We recently got one of the boards back and have had it running internally. When we reset the server, one of the boards showed a weird state where the Link (LNK1) and activity (ACT1) LEDs were both steadily blinking at about a 1 second on/off cycle. This seems like an error condition of the transceiver. Probing the IC we could see that the ESP32 was still sending data to the transceiver but it was not getting transmitted to the LAN. When we reset the transceiver by bringing NRST to ground temporarily, the transceiver started transmitting again and returned to normal operation.

Upon examining the circuitry at pin 19 NRST, there is a 10K resistor to _3.3VLAN and a 10uF Cap that is not installed (physically and per the schematic). Section 3.8.5.1 of the datasheet calls out "A hardware reset (nRST assertion) is required following power-up" which, I assume, is why the 10uF cap was part of the design. However, we aren't seeing issues on power up, so that's likely not an issue.

My questions are: 1. Can anyone think of why the transceiver might get into this odd state,, and 2. Is there a software method from the ESP32 to correct? Right now we are contemplating using GPIO32 to tie to the NRST line to instigate a reset when we are failing to get acknowledgments on our transmits. Appreciate any feedback!

Kv603 commented 2 months ago

Possibly unrelated, but I've been using this bit of code in my ESP32-POE builds to recover from Ethernet failure:

pinMode(ETH_PHY_POWER, OUTPUT);
digitalWrite(ETH_PHY_POWER, LOW);
delay(499); 
digitalWrite(ETH_PHY_POWER, HIGH);
delay(999);
if(! ETH.begin()) { 
    digitalWrite(ETH_PHY_POWER, LOW);
    ESP.restart();
}
DanKoloff commented 2 months ago

What Kv603 wrote - there is already PHY_PWR pin which is GPIO12 and it can be used to toggle just PHY power. This is a workaround of course. If you are looking for reasons why Ethernet might hang, it is often this (especially if you are using custom software and libraries):

"A Hardware reset is asserted by driving the nRST input pin low. When driven, nRST should be held low for the minimum time detailed in Section 5.5.3, "Power-On nRST & Configuration Strap Timing," on page 59 to ensure a proper transceiver reset. During a Hardware reset, an external clock must be supplied to the XTAL1/CLKIN signal."

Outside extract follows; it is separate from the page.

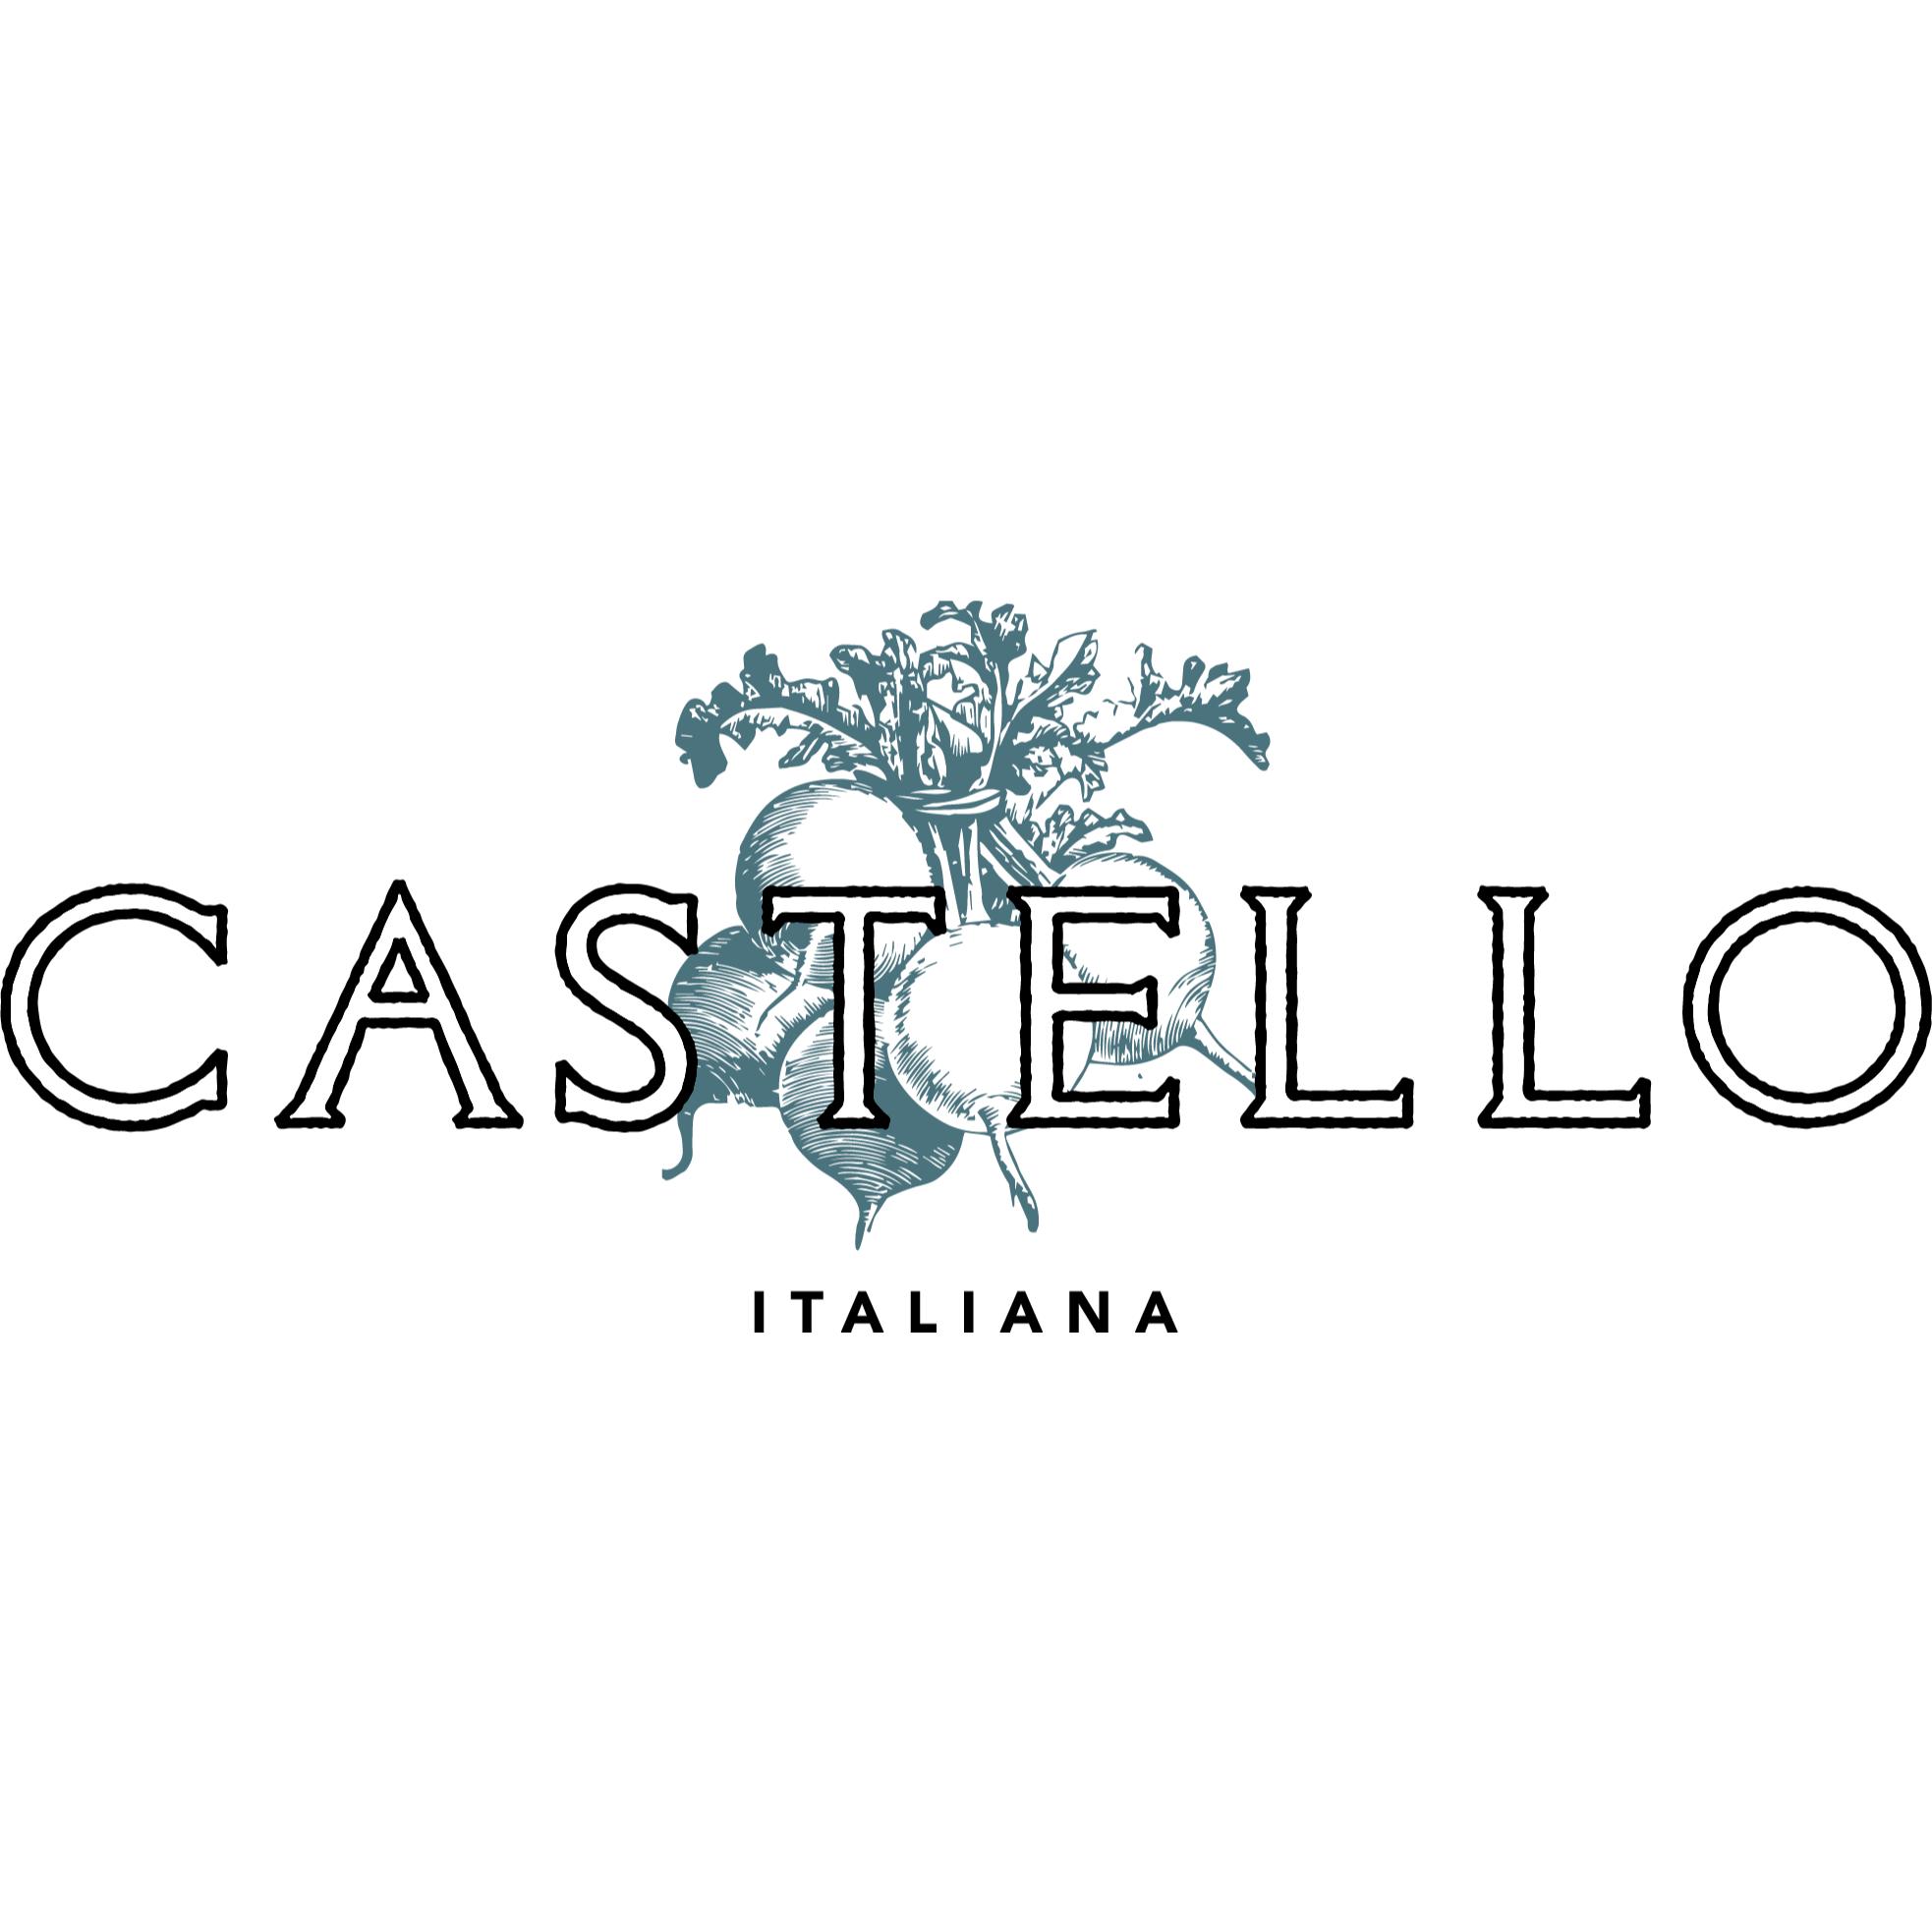 Castello Italiana

If you've held the main ESP32 chip powered down, you need to delay LAN8710A chip power up until the PHY clock is available, else it might hang. This is done by GPIO12 usually in the software, enabling the LAN few moments after ESP32 gets powered.

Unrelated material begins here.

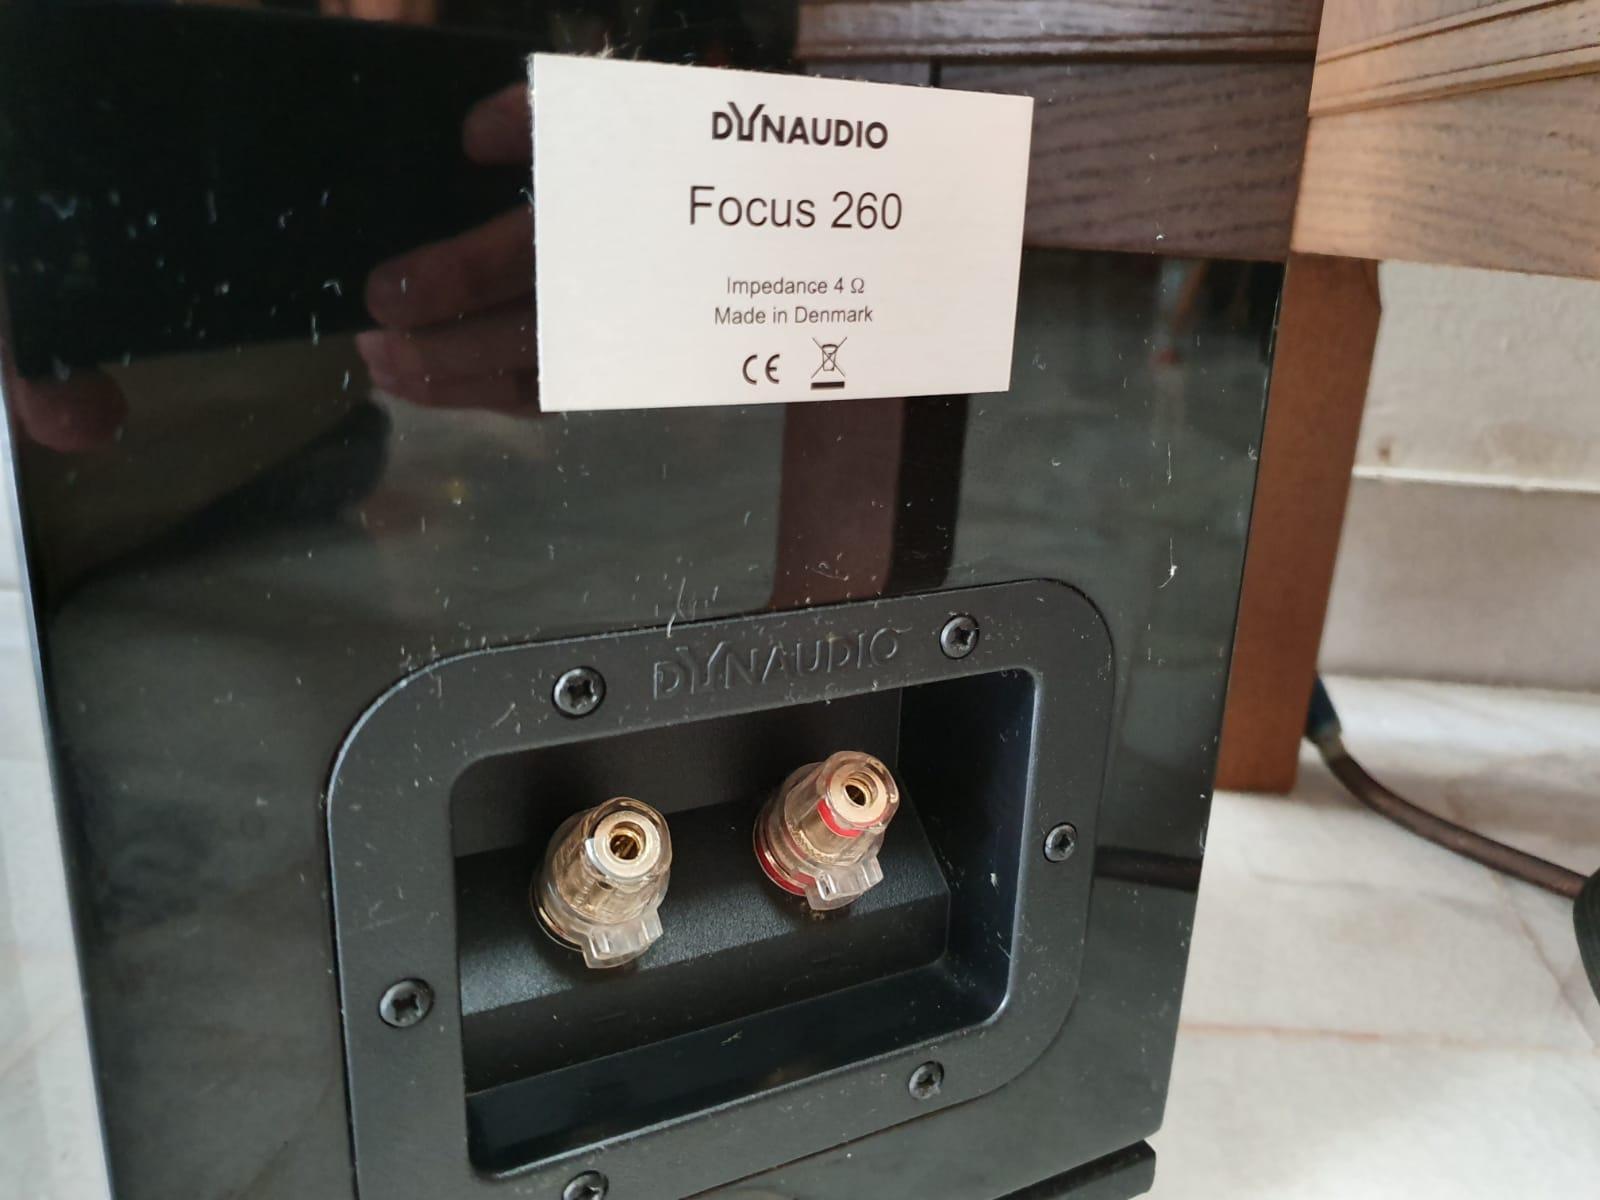 Dynaudio Focus 260 D22fcc12

PHY clock is GPIO0 or GPIO17 depending on whether you use WROOM or WROVER version. There are two pins difference, so it matters if you use WROOM or WROVER variant. Refer to the schematic.

The reason why one out of many boards behaves differently is usually some hardware damage on LAN8710A chip. It can occur due to many reasons like grounds loops or from malfunctioning uninsulated POE switch/splitter, bare-hand handling, ESD, etc.

JwAtTEC commented 2 months ago

Thanks everyone for your helpful inputs. I had overlooked the PHY_PWR pin so that's the direction we will investigate. Closing this issue as resolved.